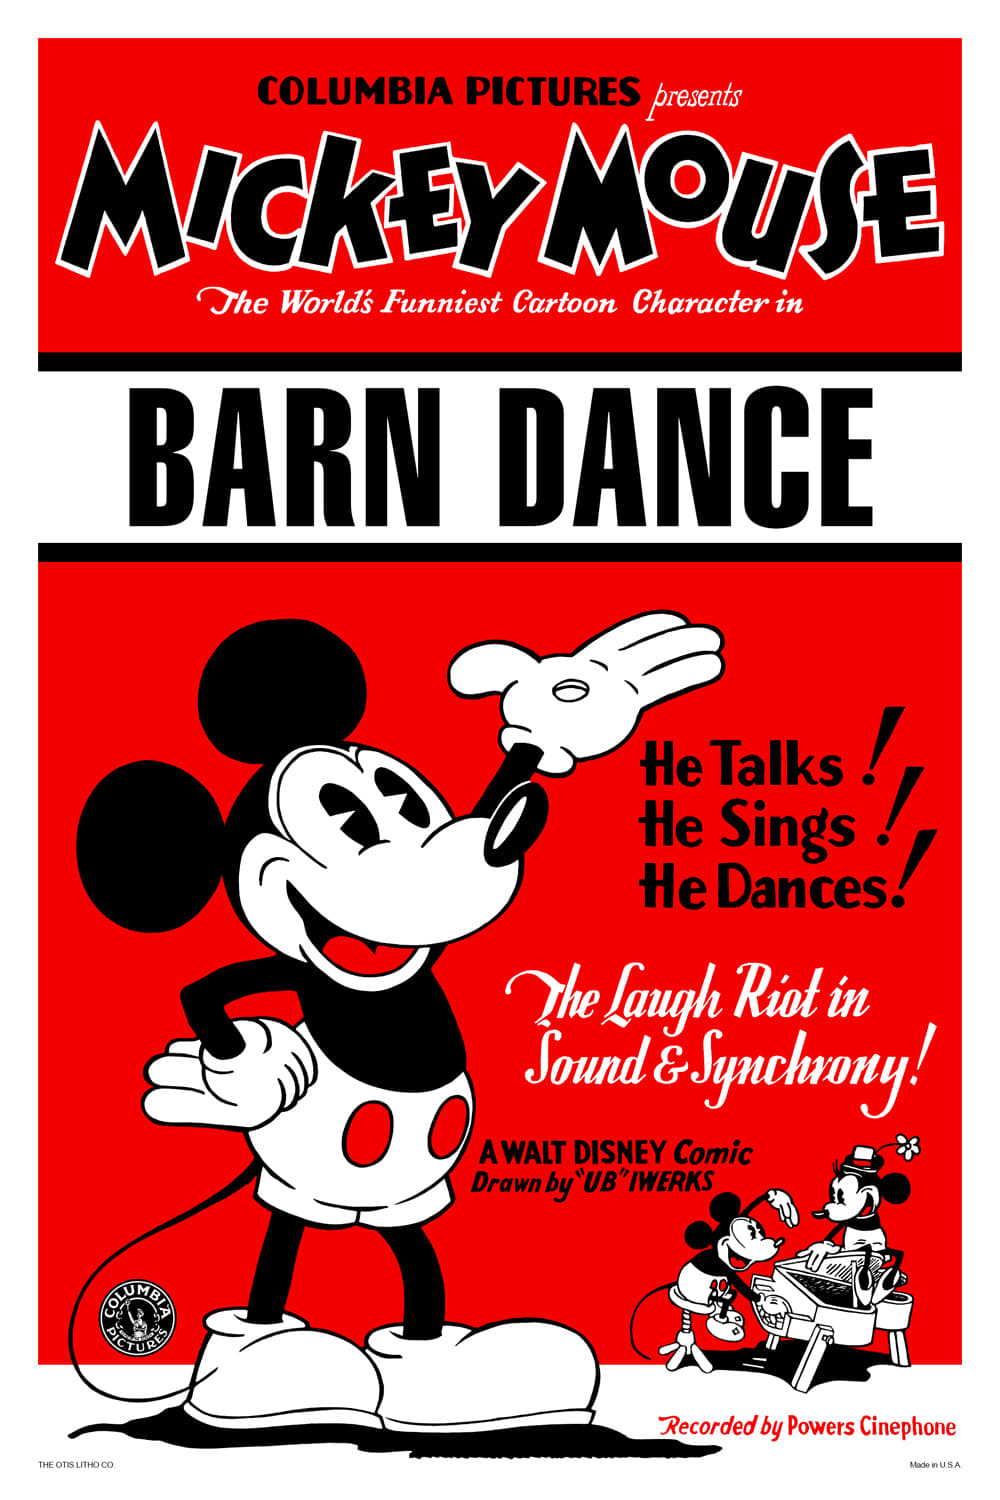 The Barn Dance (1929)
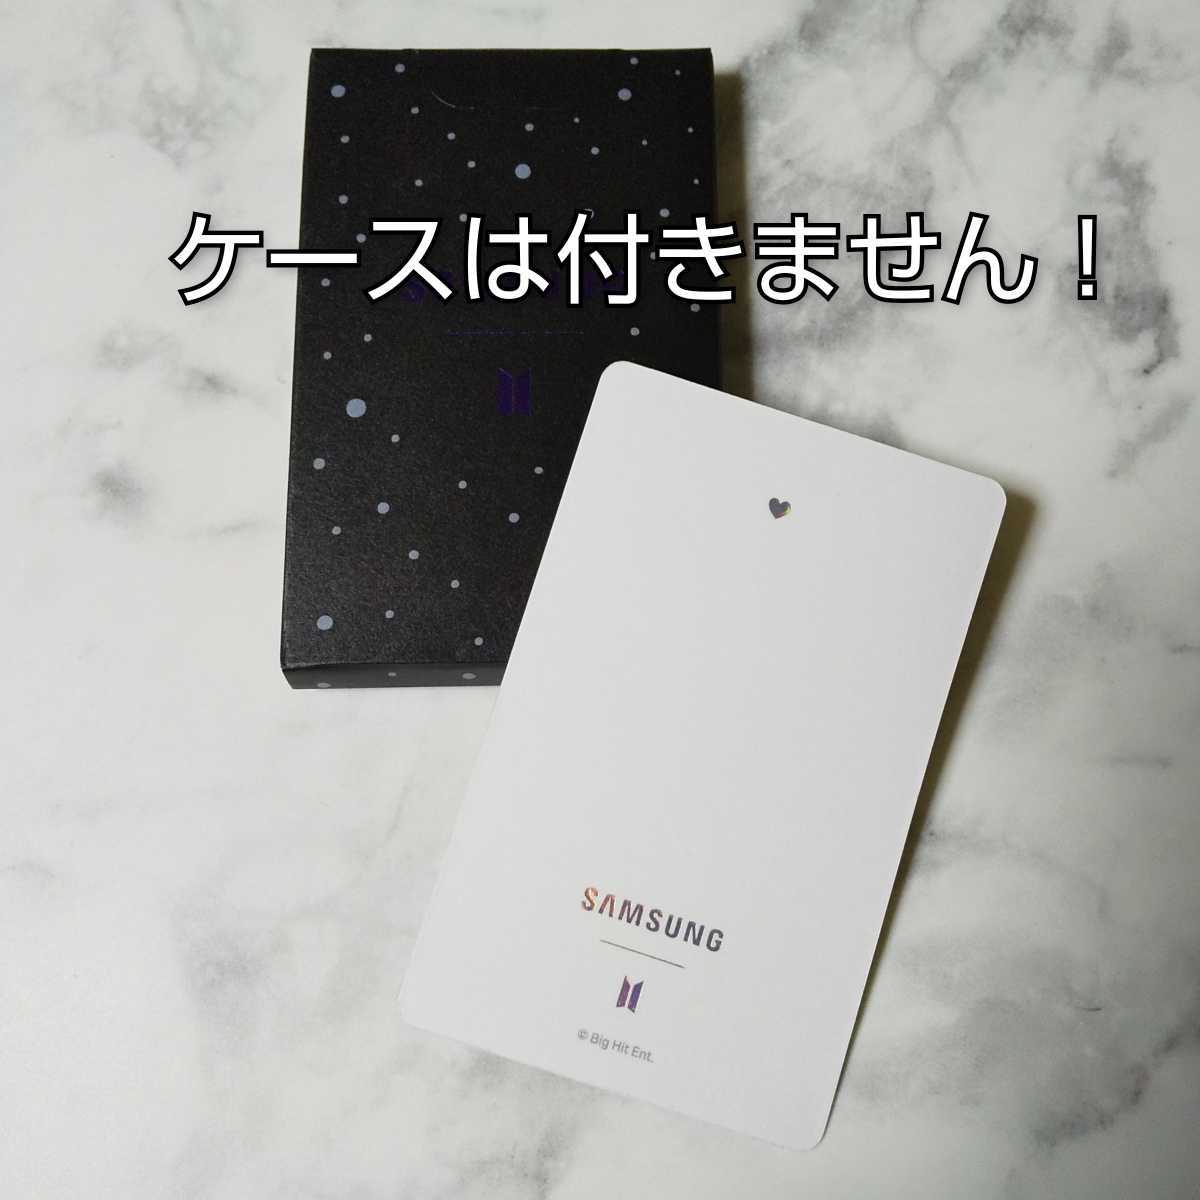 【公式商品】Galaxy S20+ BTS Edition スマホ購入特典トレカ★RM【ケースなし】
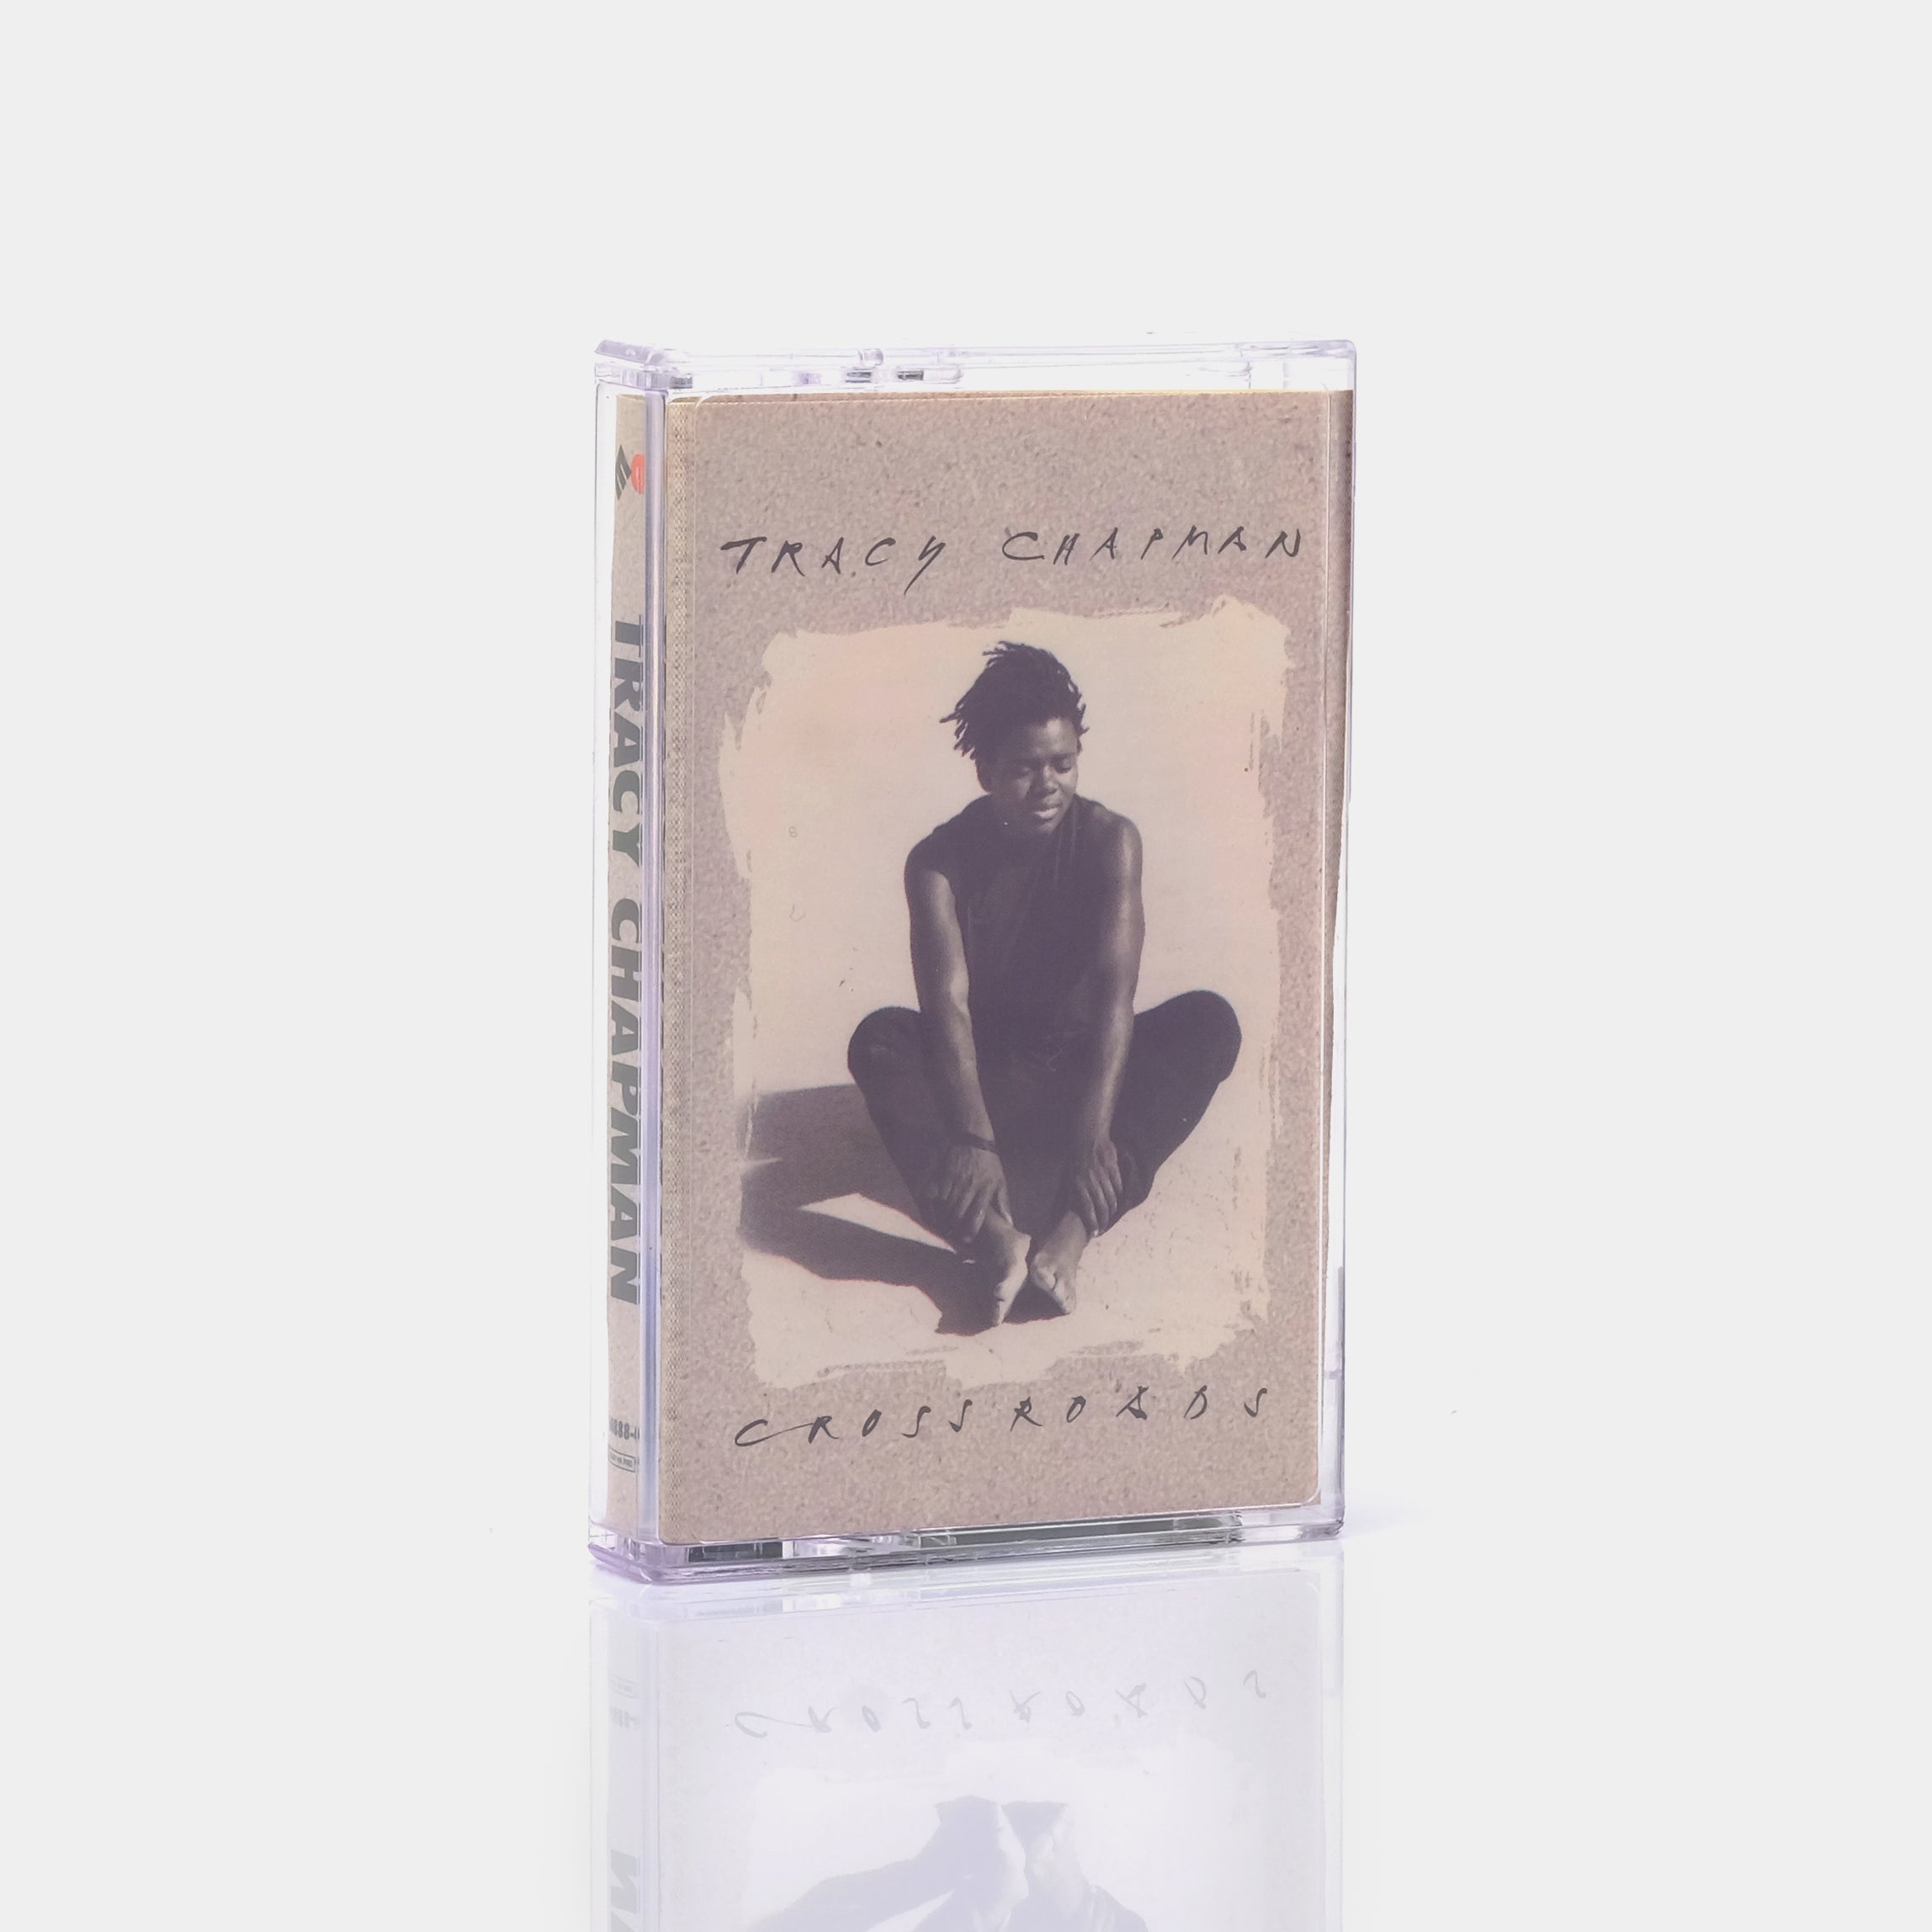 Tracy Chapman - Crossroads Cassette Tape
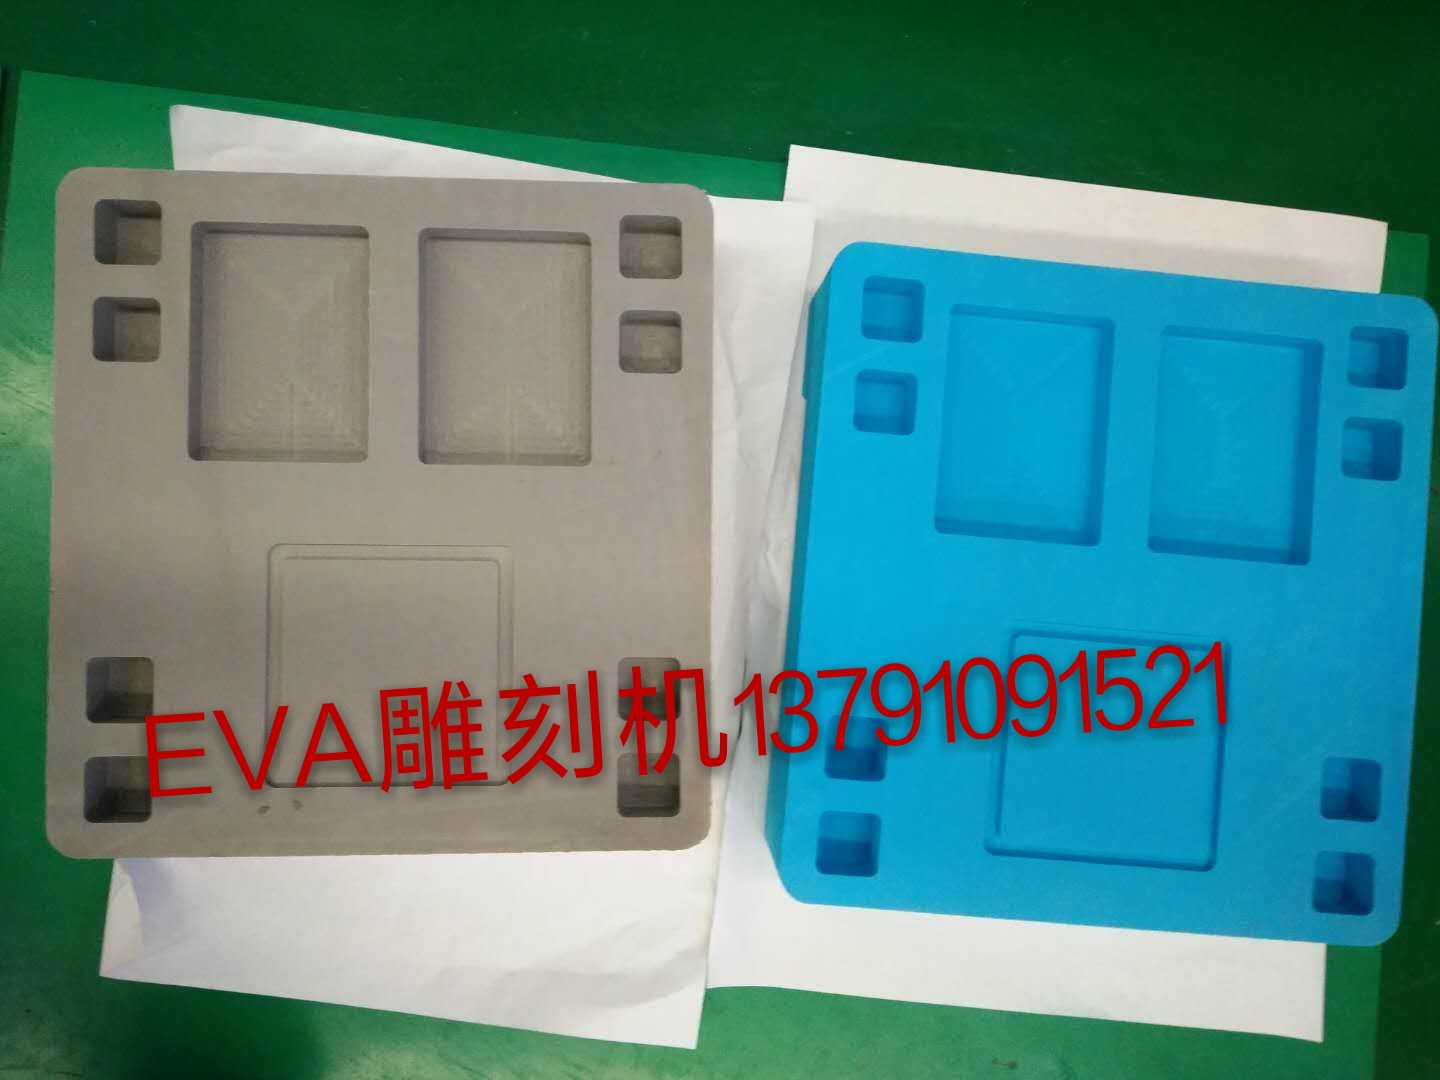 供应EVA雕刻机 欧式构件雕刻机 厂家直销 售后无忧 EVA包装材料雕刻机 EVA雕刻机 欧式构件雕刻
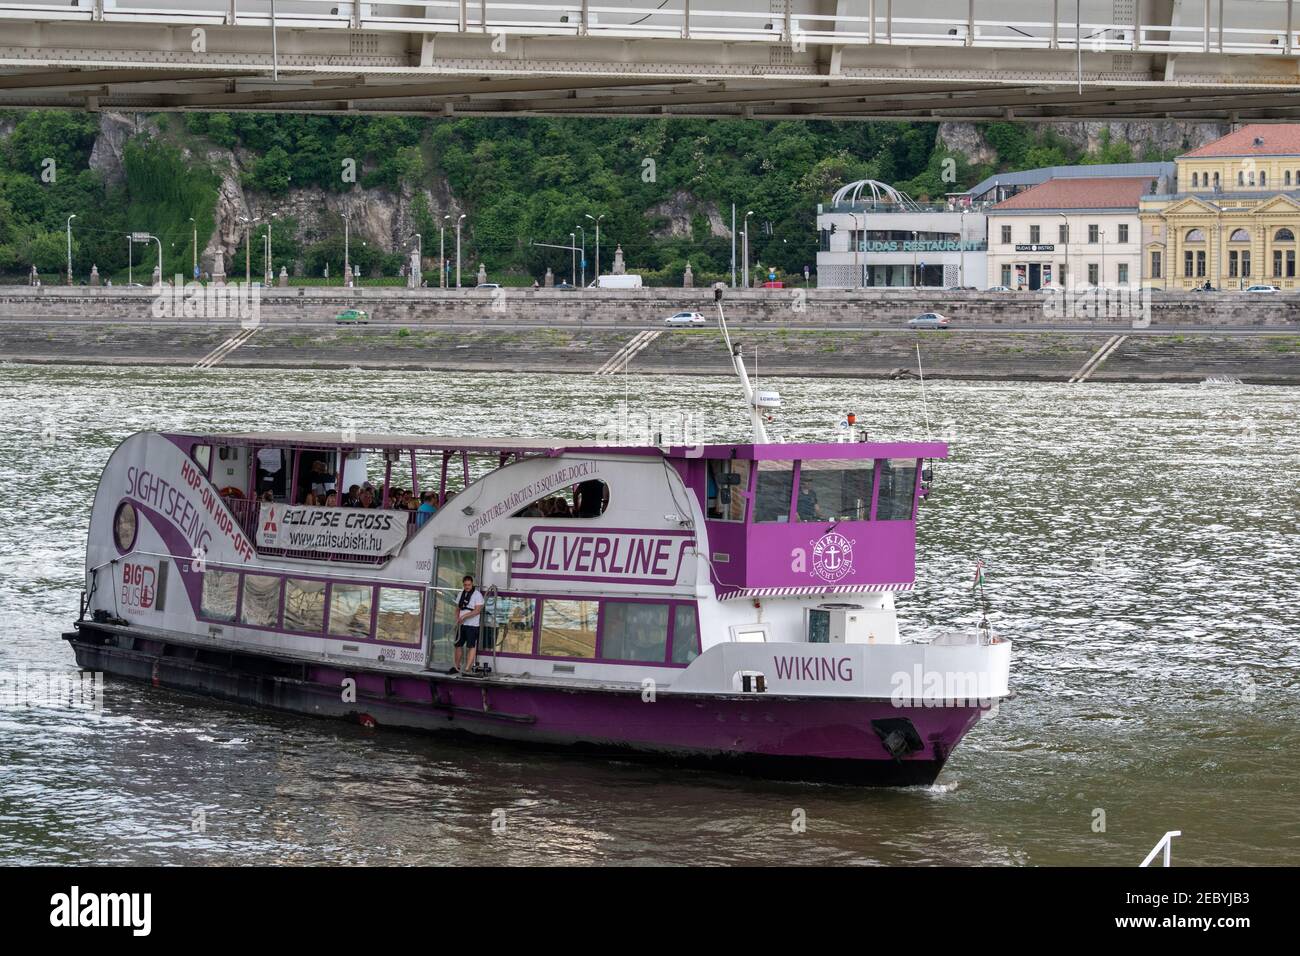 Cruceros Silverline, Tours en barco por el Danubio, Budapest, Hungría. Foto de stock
******
● **Required work**:
Every line between the one containing "Tracy Chapman - Crossroads Cassette Tape" and the end of the listing, both included, needs to be retyped exactly, minus the pictures.

● **Output below**:
 Tracy Chapman - Crossroads Cassette Tape
 供应EVA雕刻机 欧式构件雕刻机 厂家直销 售后无忧 EVA包装材料雕刻机 EVA雕刻机 欧式构件雕刻
 Cruceros Silverline, Tours en barco por el Danubio, Budapest, Hungría. Foto de stock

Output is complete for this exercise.